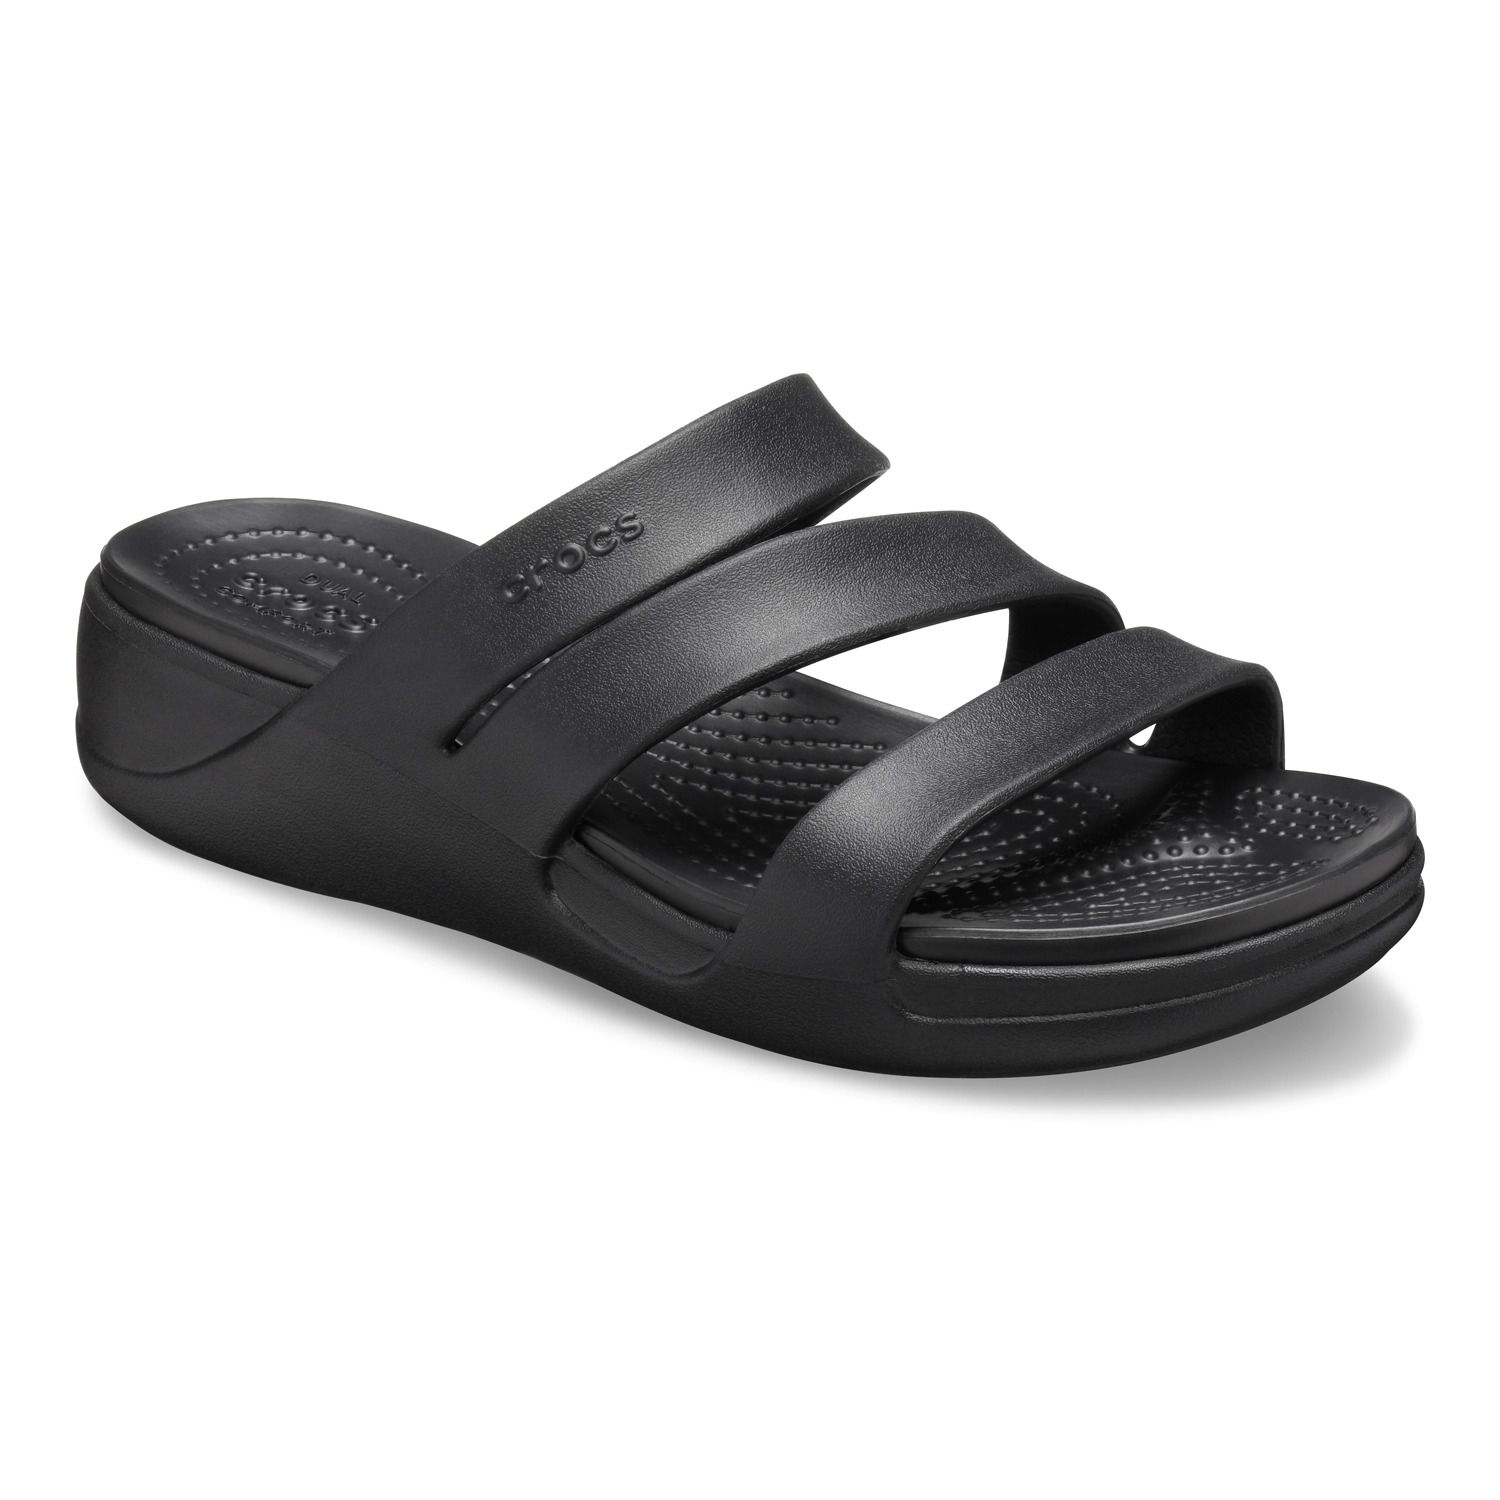 strappy croc sandals
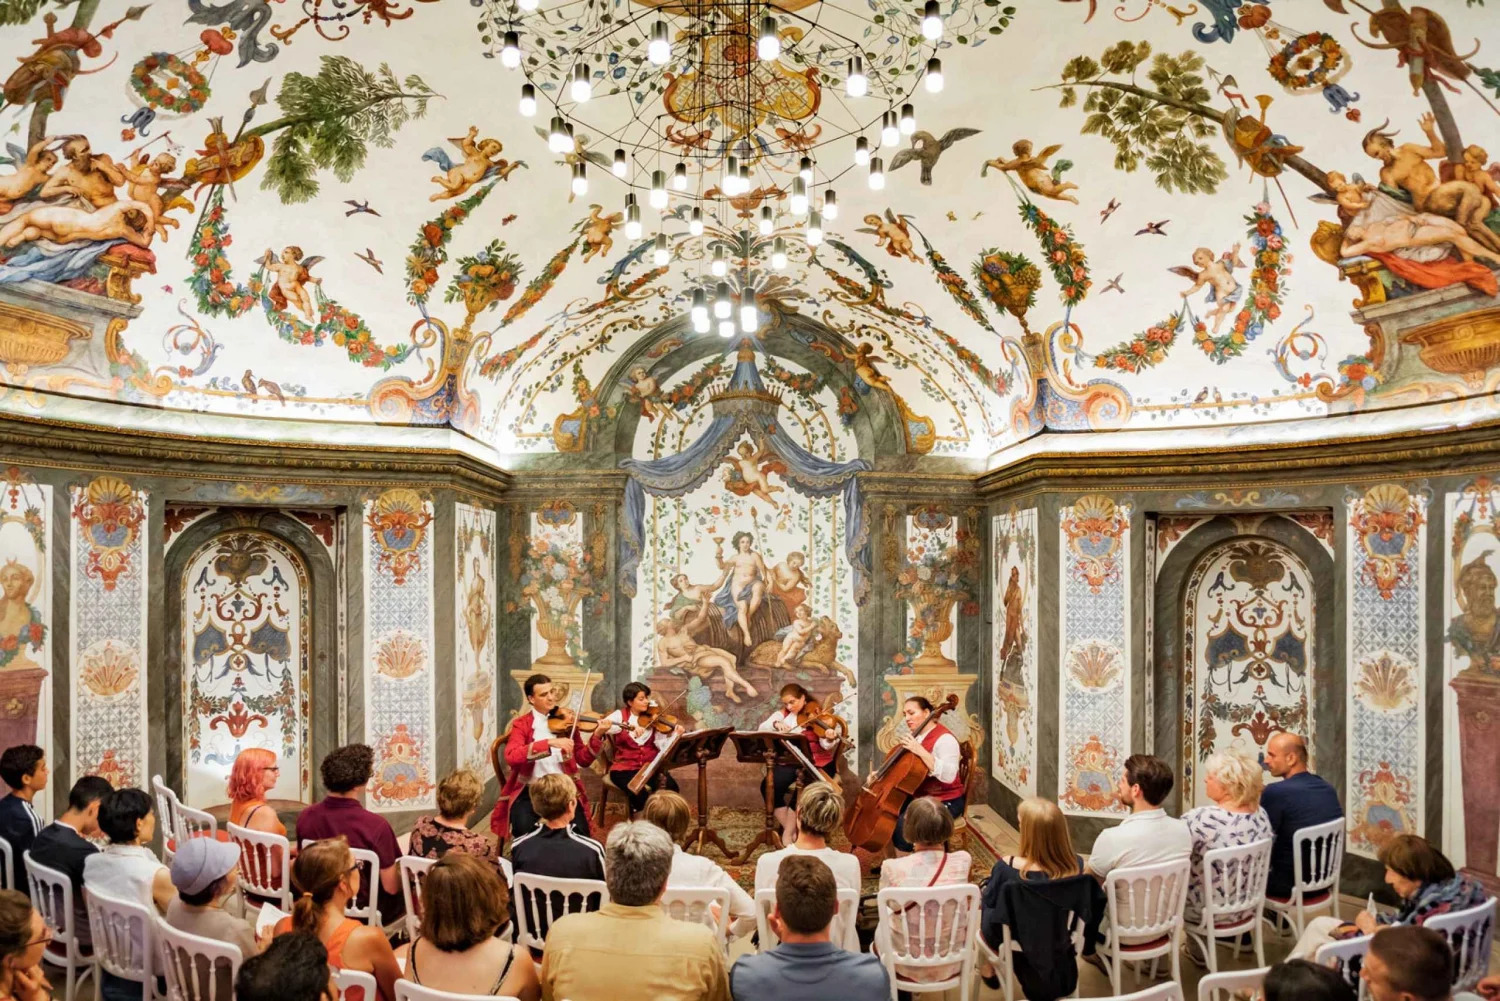 Mozarthaus Vienna – A Travel Guide To Mozart’s House
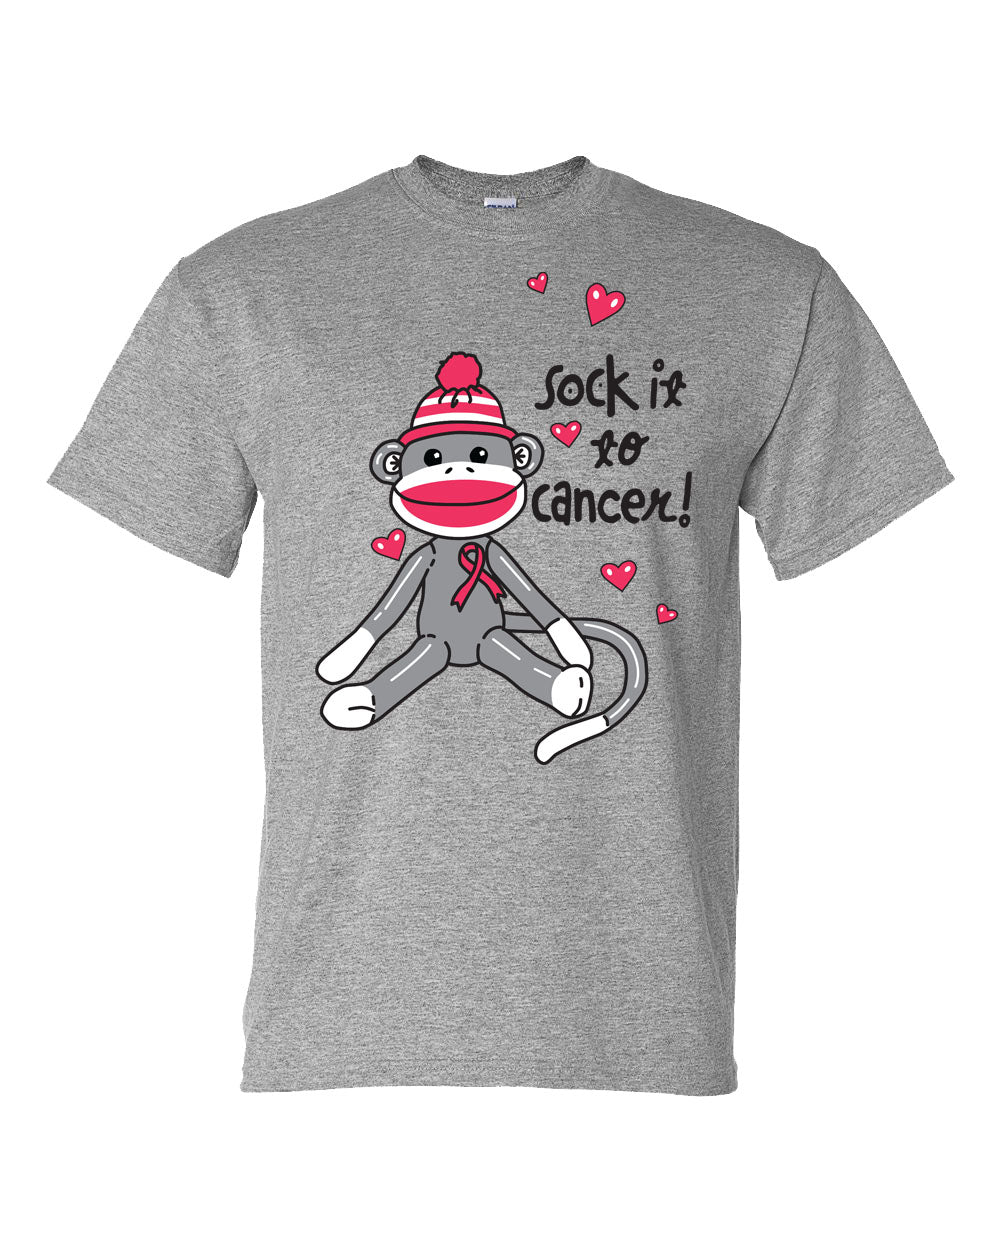 Sock It To Cancer - DryBlend T-shirt
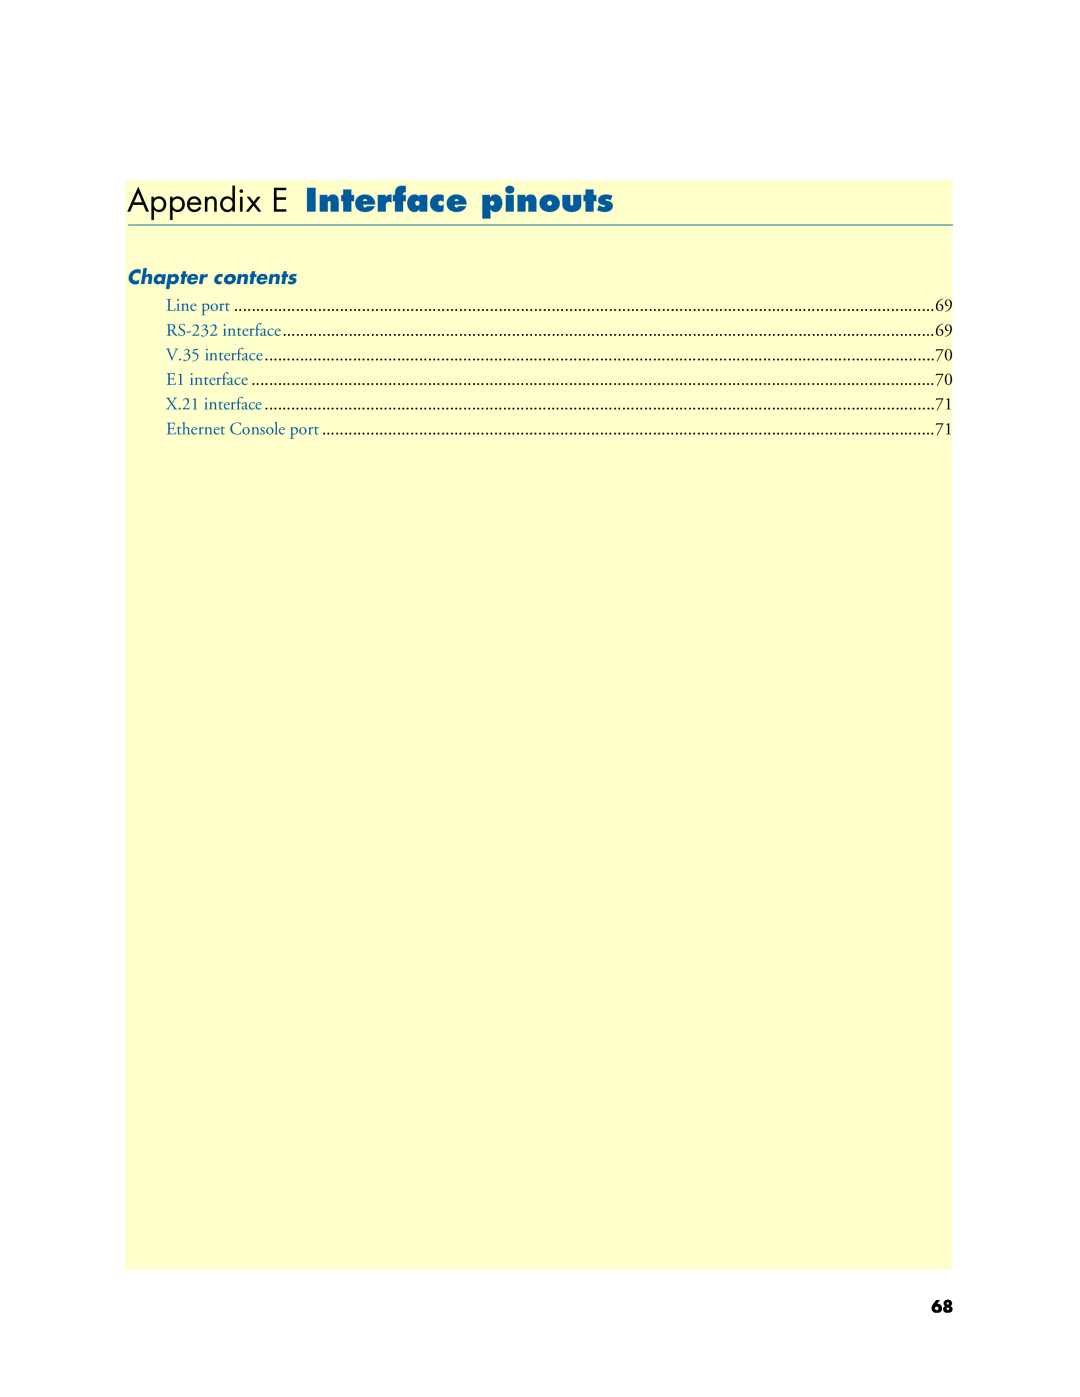 Patton electronic 3088A manual Appendix E Interface pinouts, Chapter contents, Line port, RS-232 interface, V.35 interface 
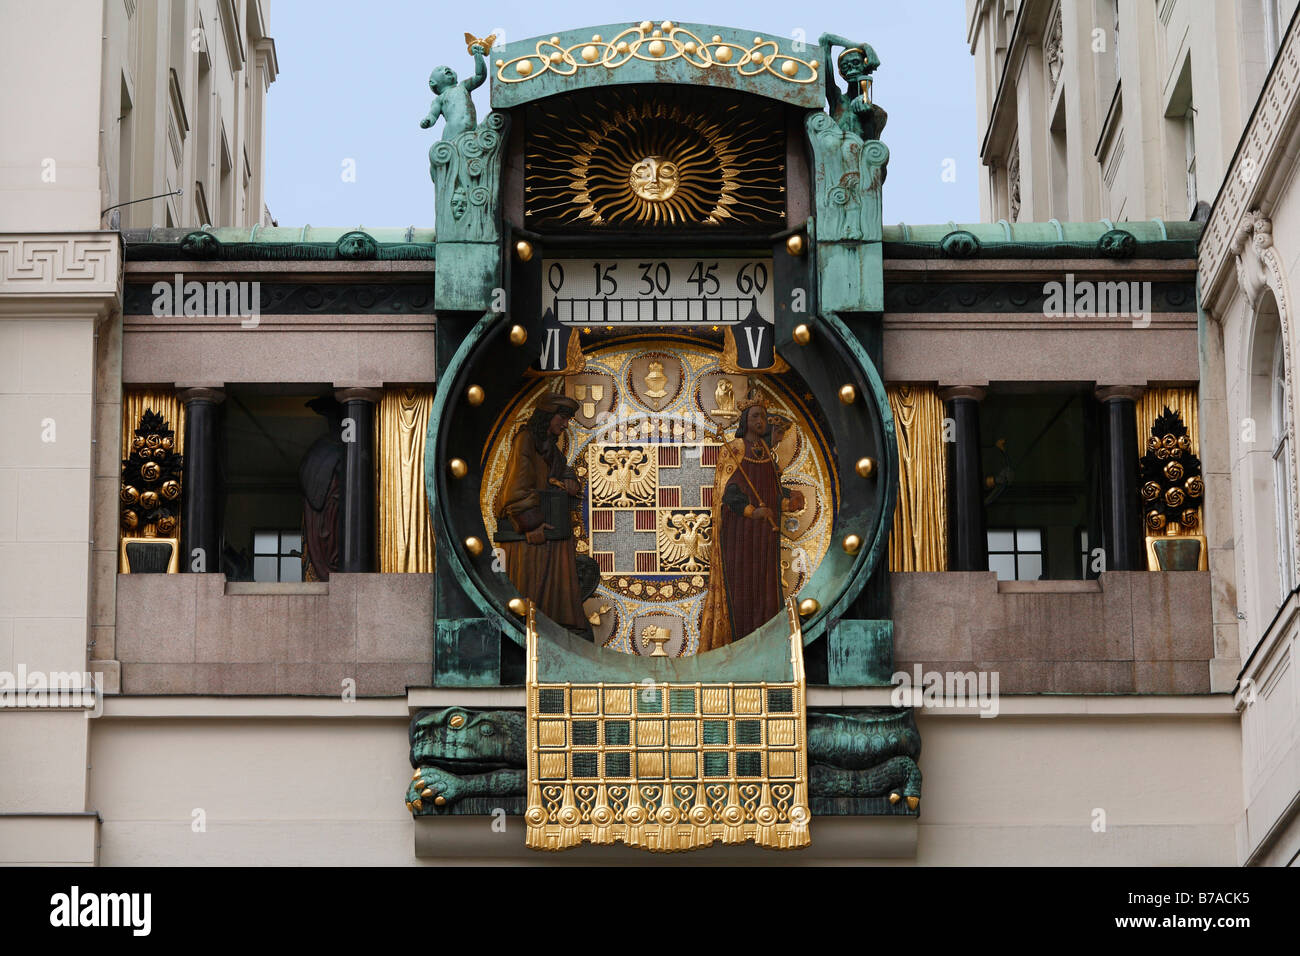 Ankeruhr, Anker clock, art nouveau clock, Hoher Markt, Vienna, Austria, Europe Stock Photo

→ **WORK TASK**:
Give again exactly the lines running from the beginning of the material above through the line that contains "Patton electronic 3088A", and leave out every picture.

→ **WRITTEN REPLY**:
 strappy croc sandals
 Mozarthaus Vienna – A Travel Guide To Mozart’s House
 Sock It To Cancer - DryBlend T-shirt
 Patton electronic 3088A manual Appendix E Interface pinouts, Chapter contents, Line port, RS-232 interface, V.35 interface 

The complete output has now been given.